* **PROBLEM REQUIREMENTS**
Nothing in the listing should be altered when it is copied, and no picture goes into the copy.

* **GIVEN MATERIAL**
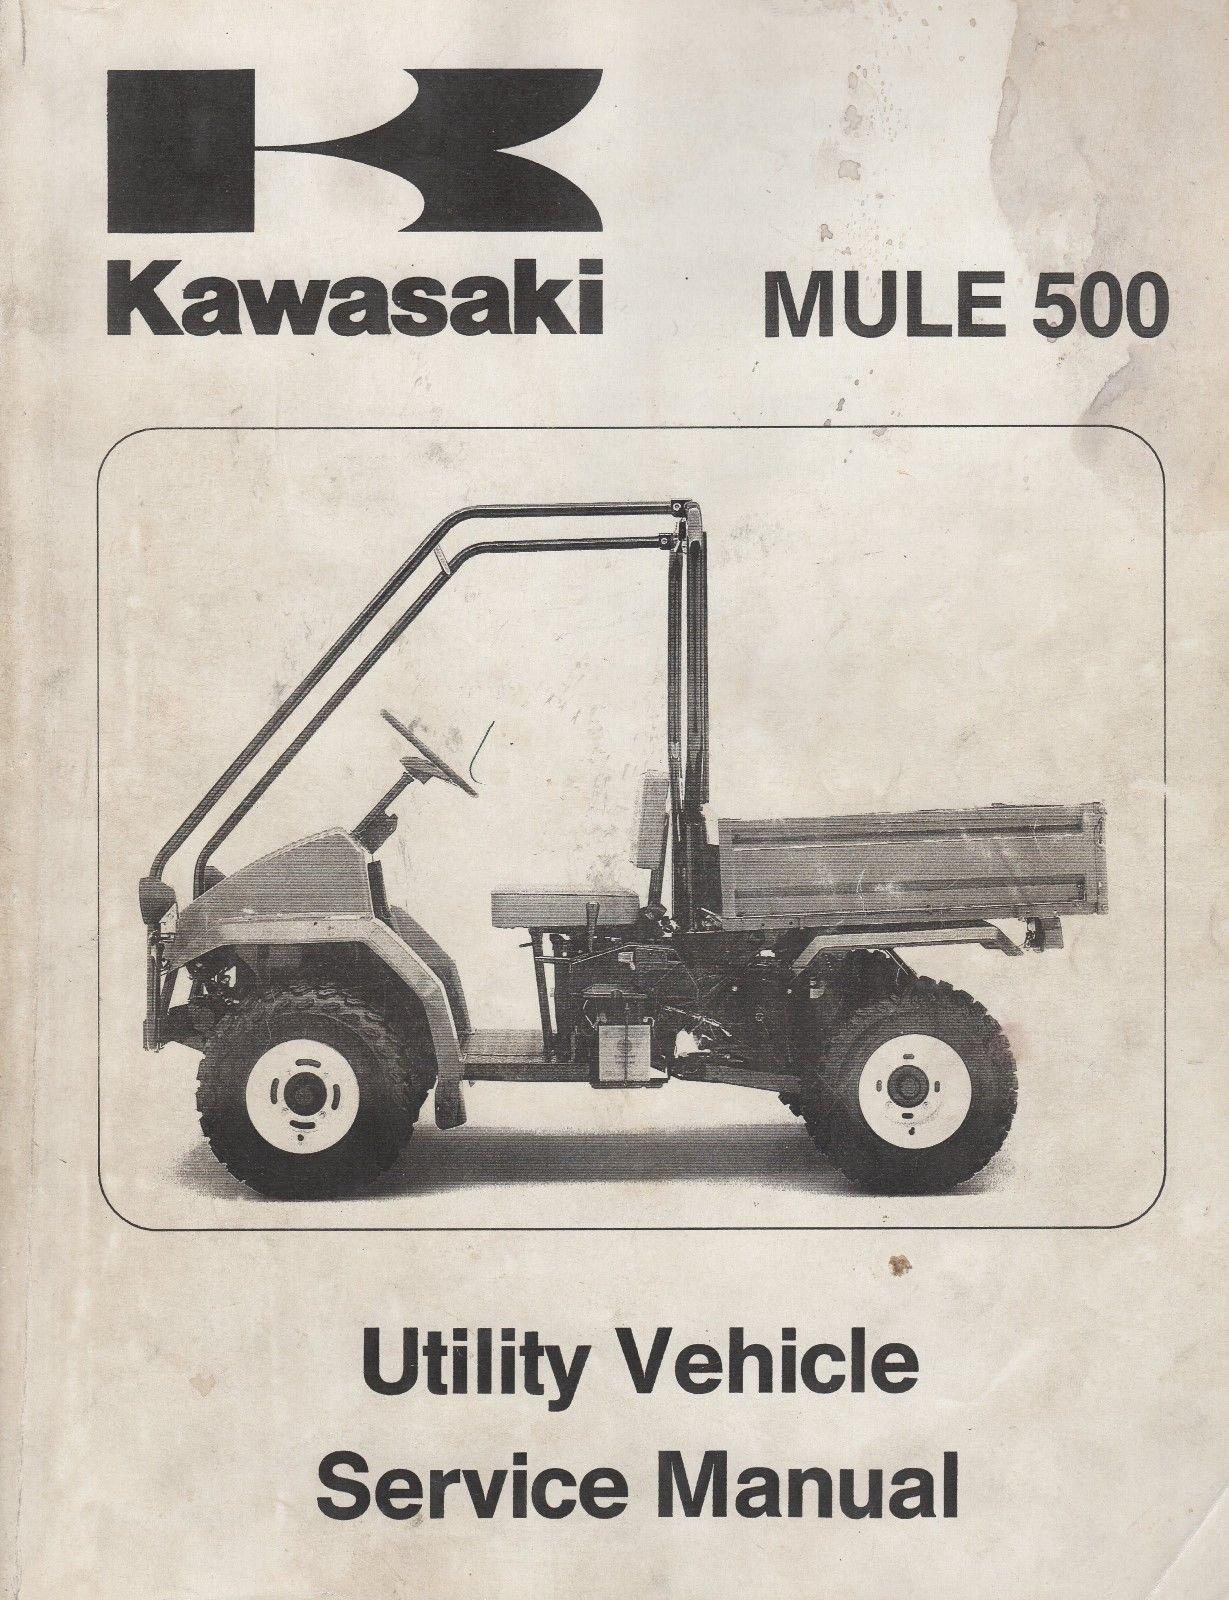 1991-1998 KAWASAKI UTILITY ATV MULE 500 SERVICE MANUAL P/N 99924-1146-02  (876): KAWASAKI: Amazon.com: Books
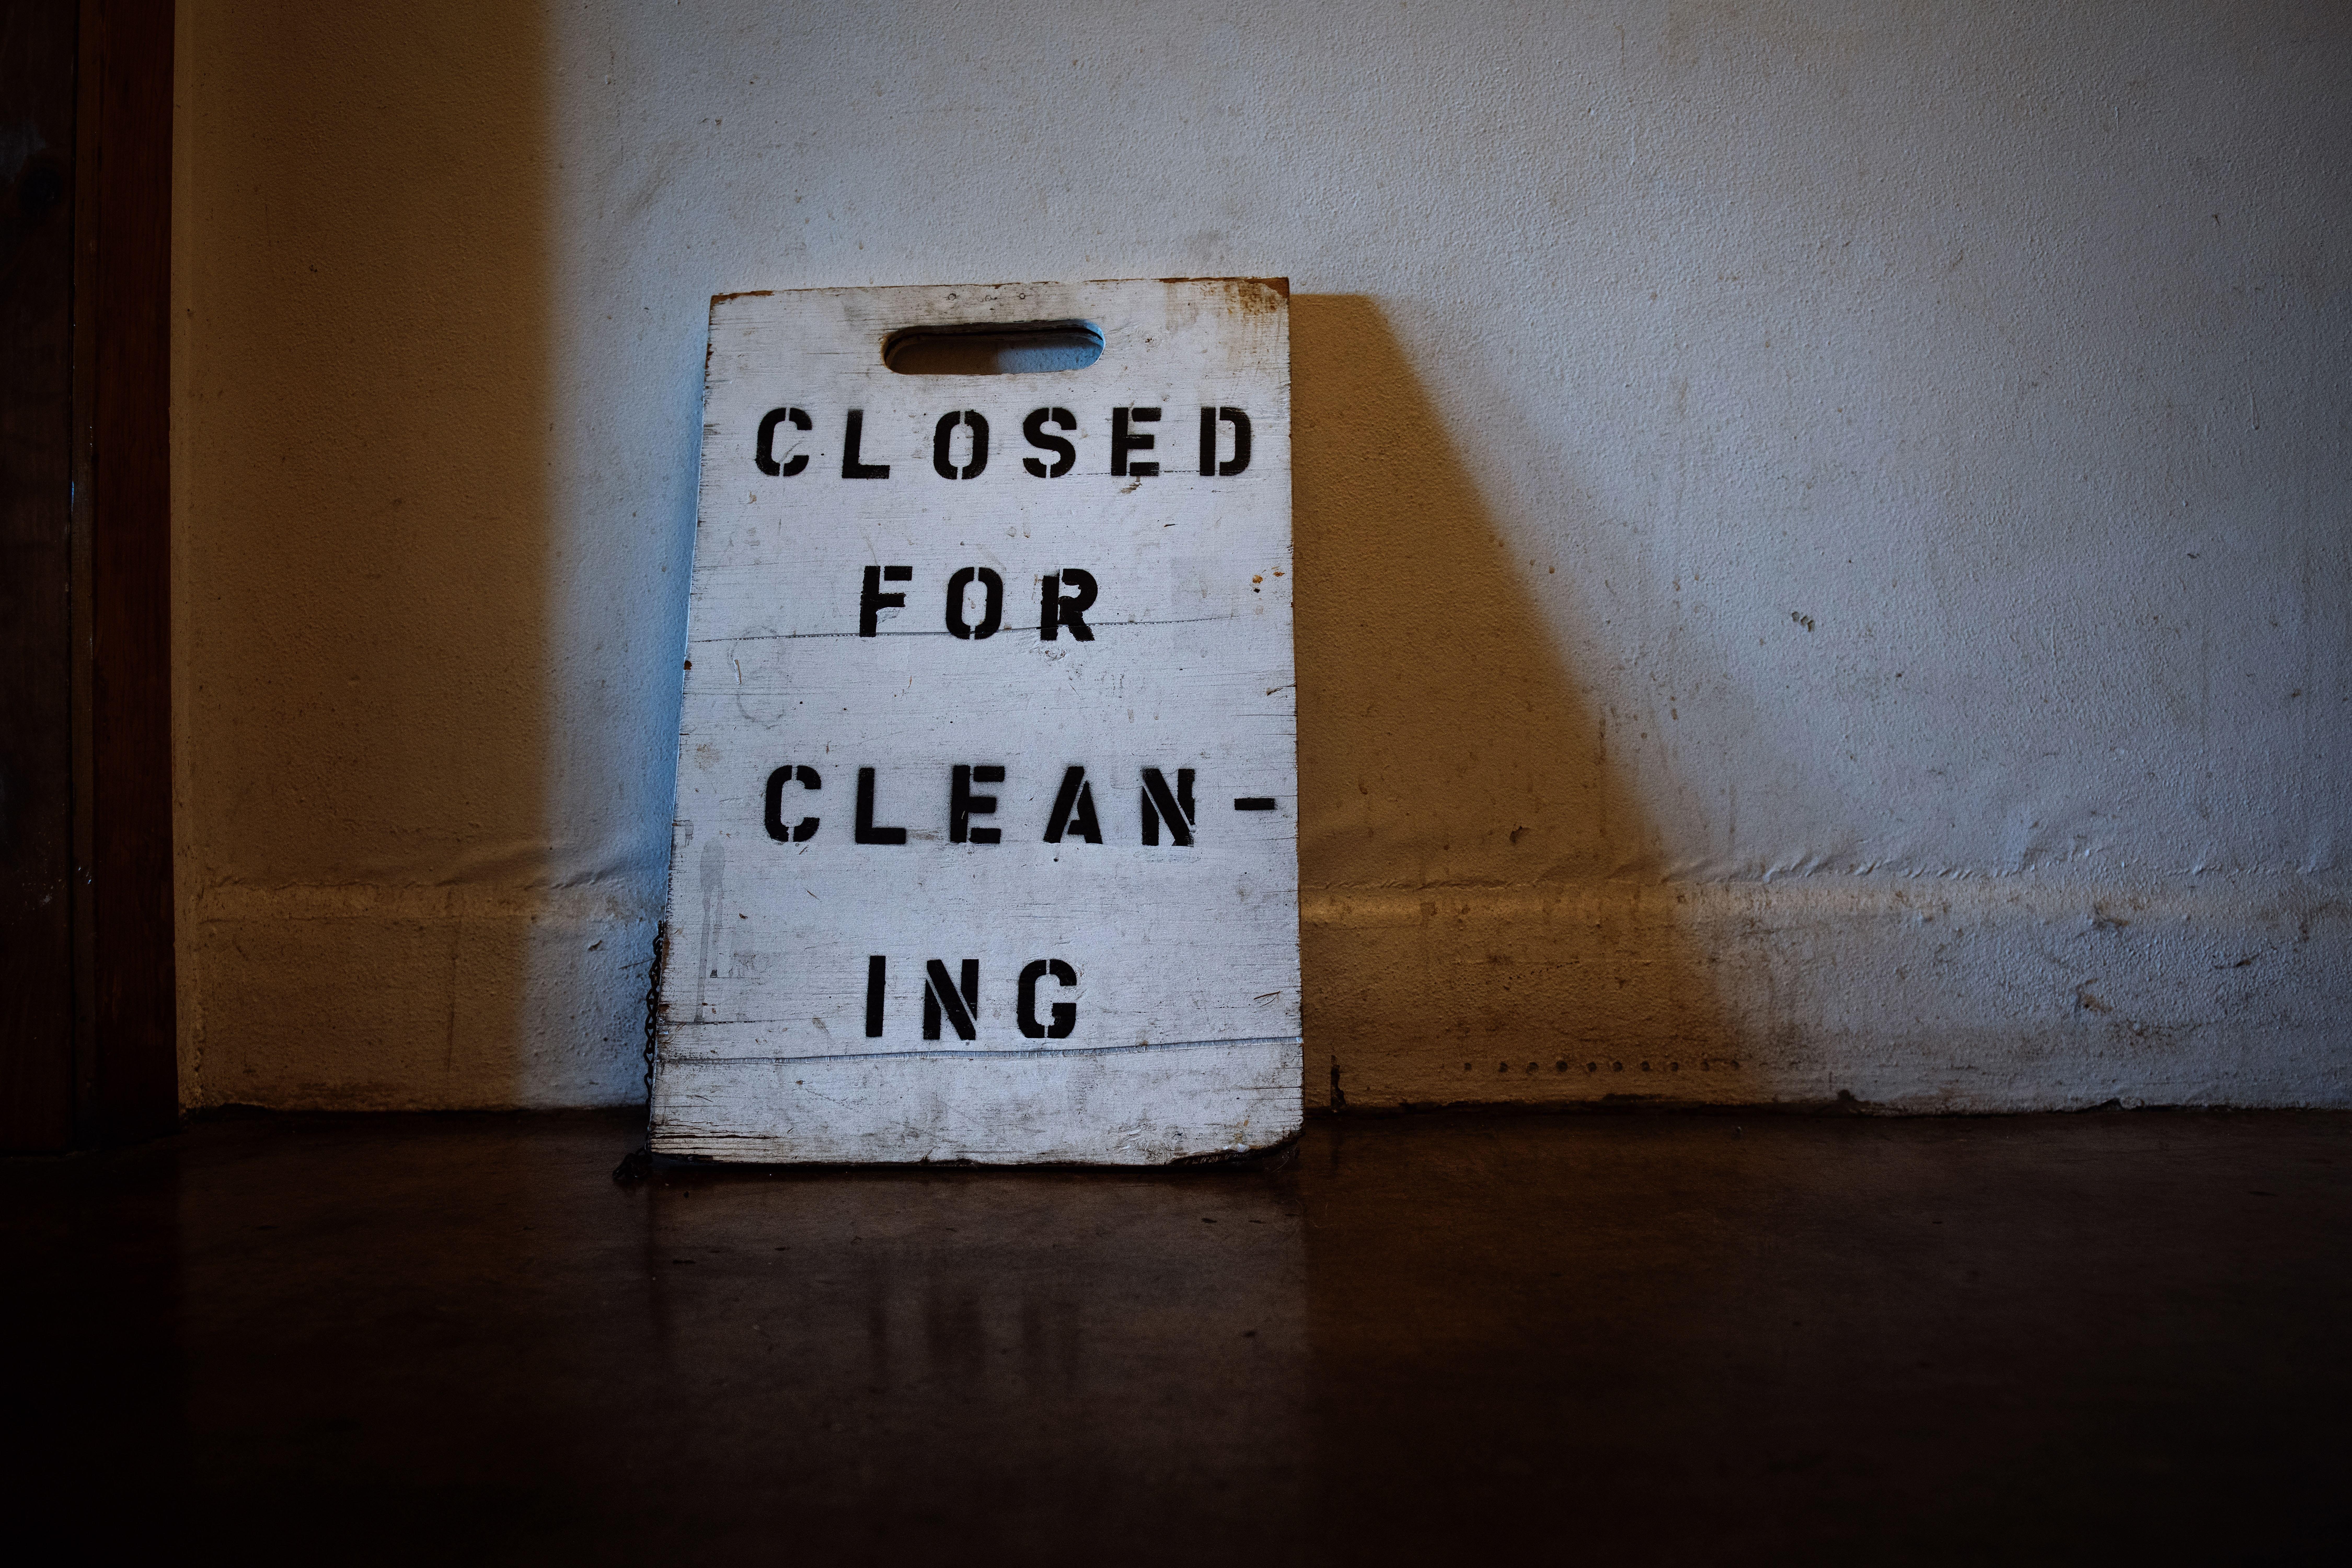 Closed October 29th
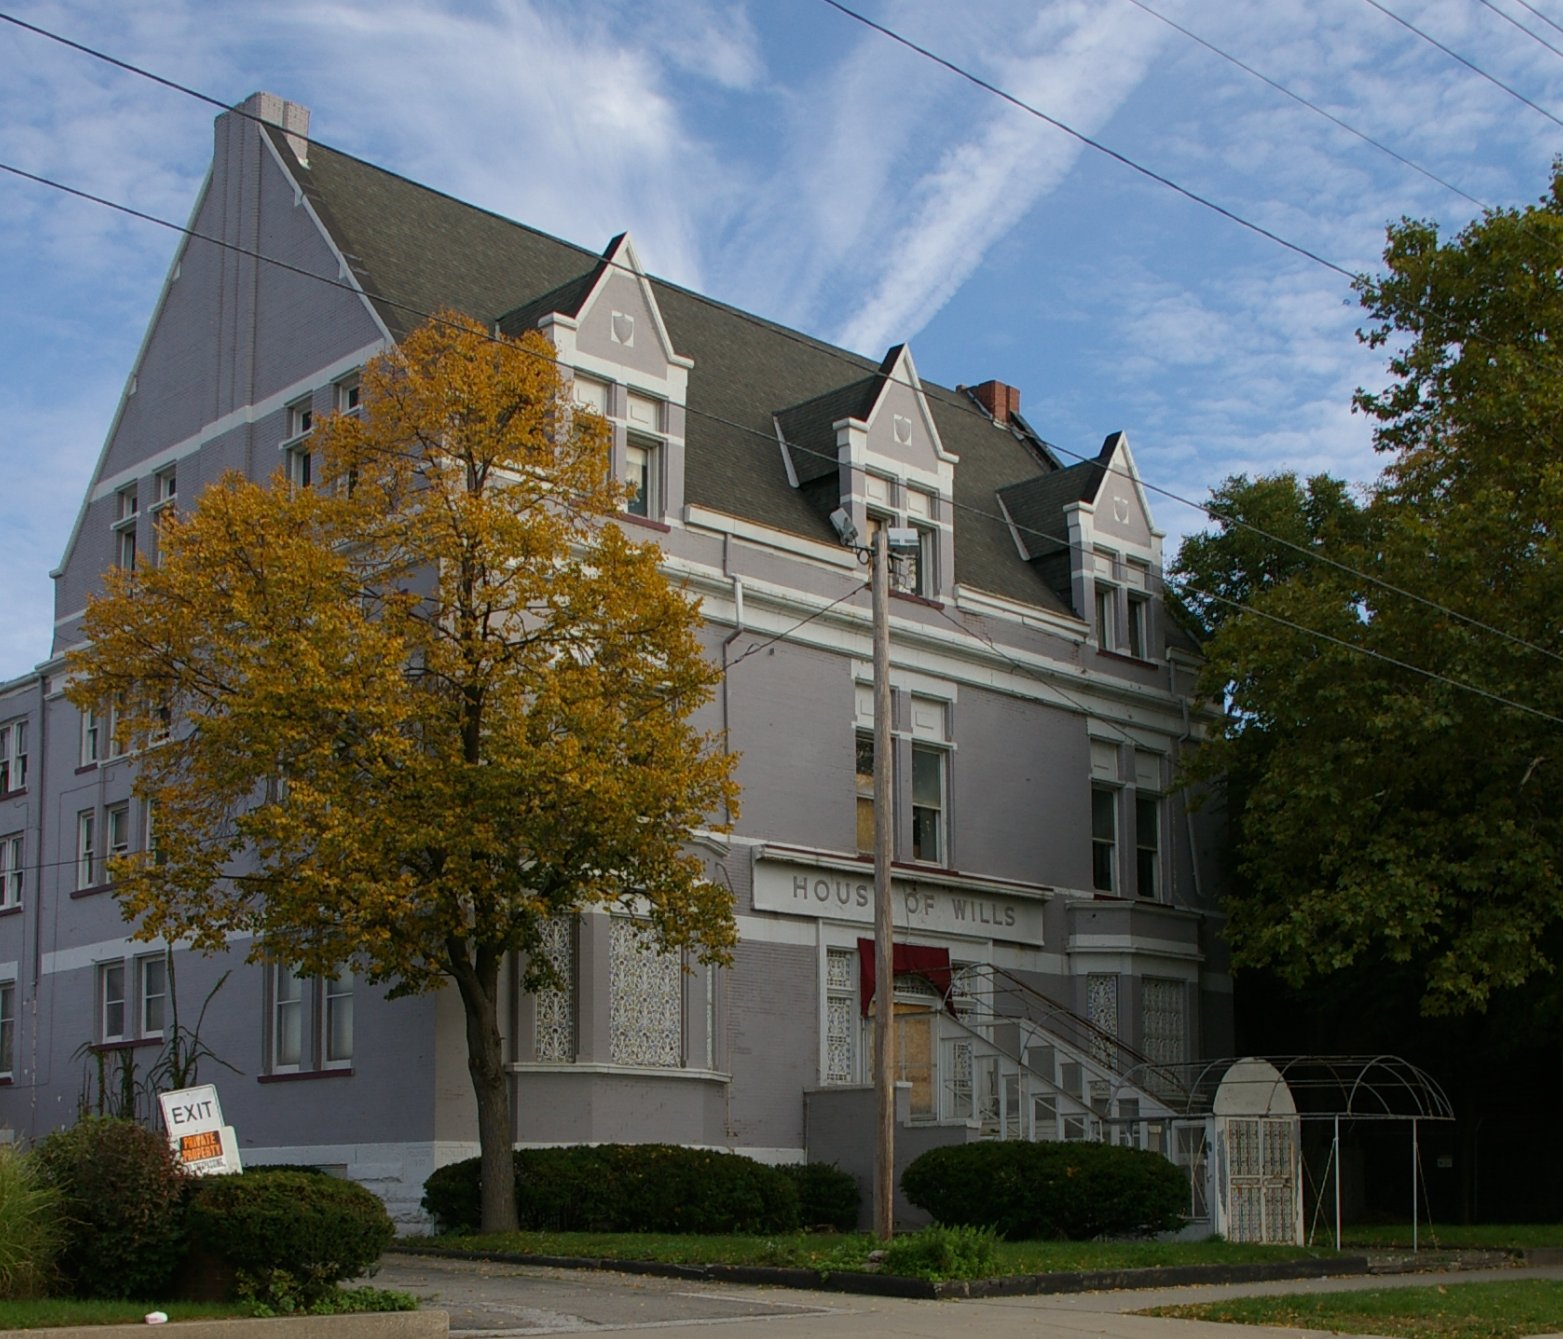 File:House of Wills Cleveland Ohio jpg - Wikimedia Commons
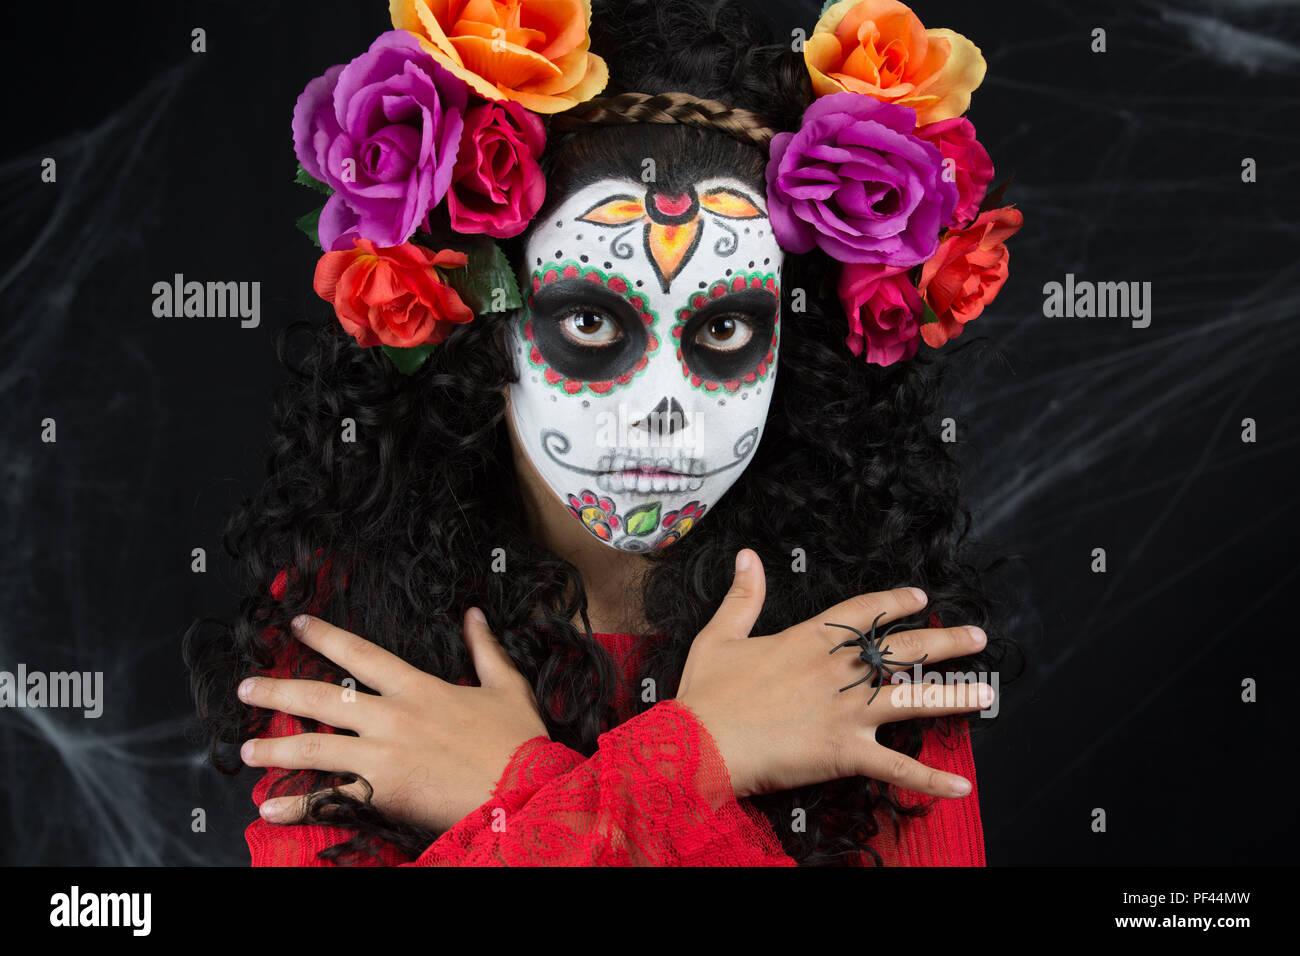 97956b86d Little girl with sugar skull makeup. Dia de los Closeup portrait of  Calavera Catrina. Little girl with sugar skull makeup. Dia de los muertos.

* **SOLVED EXERCISE**
 1991-1998 KAWASAKI UTILITY ATV MULE 500 SERVICE MANUAL P/N 99924-1146-02  (876): KAWASAKI: Amazon.com: Books
 Closed October 29th
 File:House of Wills Cleveland Ohio jpg - Wikimedia Commons
 97956b86d Little girl with sugar skull makeup. Dia de los Closeup portrait of  Calavera Catrina. Little girl with sugar skull makeup. Dia de los muertos.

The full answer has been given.